En utilisant AWS re:Post, vous acceptez les AWS re:Post Conditions d’utilisation
AWS re:Postre:Post

Comment puis-je configurer un compartiment Amazon S3 central pour la journalisation de Session Manager à partir de plusieurs comptes ?

Lecture de 8 minute(s)
0

Je souhaite configurer la journalisation centralisée Amazon Simple Storage Service (Amazon S3) pour Session Manager, une fonctionnalité d'AWS Systems Manager, pour mes comptes AWS.

Brève description

Dans Systems Manager, vous pouvez identifier et configurer la journalisation Amazon S3 pour Session Manager. 

Pour commencer

AWS Systems Manager Agent (SSM Agent) utilise le même rôle AWS Identity and Access Management (IAM) pour s'activer et charger les journaux vers Amazon S3. Vous pouvez utiliser un profil d'instance IAM associé à une instance Amazon Elastic Compute Cloud (Amazon EC2) ou le rôle IAM configuré pour la configuration de gestion des hôtes par défaut.

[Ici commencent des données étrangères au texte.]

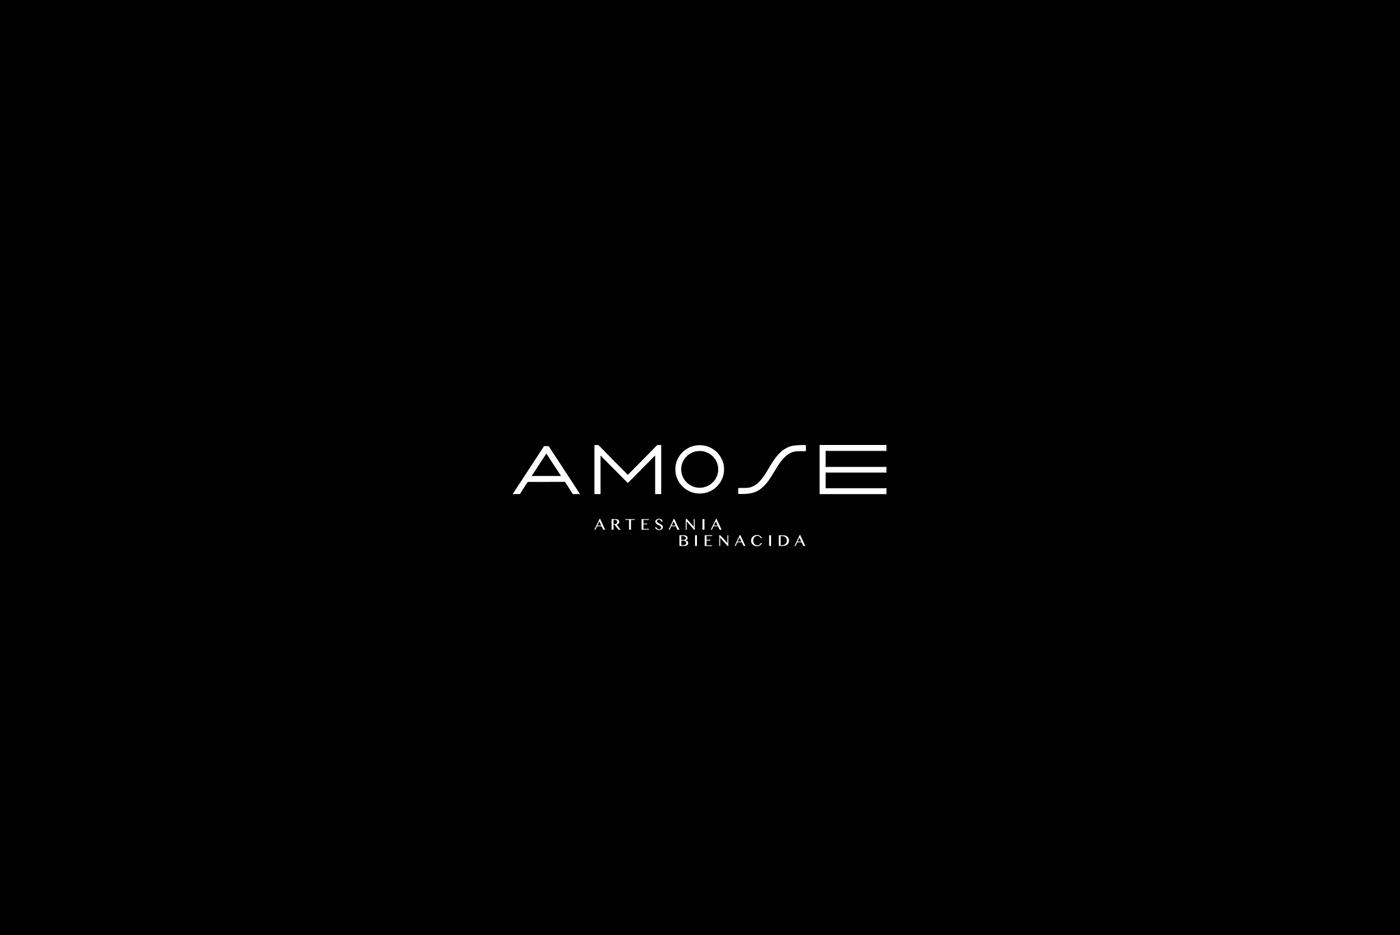 Amose on Behance

Vous devez disposer des autorisations suivantes pour effectuer la configuration :

  • Le compte propriétaire du principal IAM utilisé pour les autorisations doit accorder des autorisations à Amazon S3 par le biais d'une politique IAM.
  • Le propriétaire du compartiment S3 doit également accorder des autorisations à tous les comptes par le biais d'une politique de compartiment ou d'une liste de contrôle d'accès (ACL).
  • Si le compartiment est chiffré à l'aide d'une clé AWS Key Management Service (AWS KMS), vous devez créer et utiliser une politique IAM.

Remarque :

  • vous devez associer la politique IAM au rôle qui accorde les autorisations à l'agent SSM.
  • La clé KMS utilisée pour chiffrer le compartiment doit également accorder l'autorisation par le biais de la politique de clé KMS.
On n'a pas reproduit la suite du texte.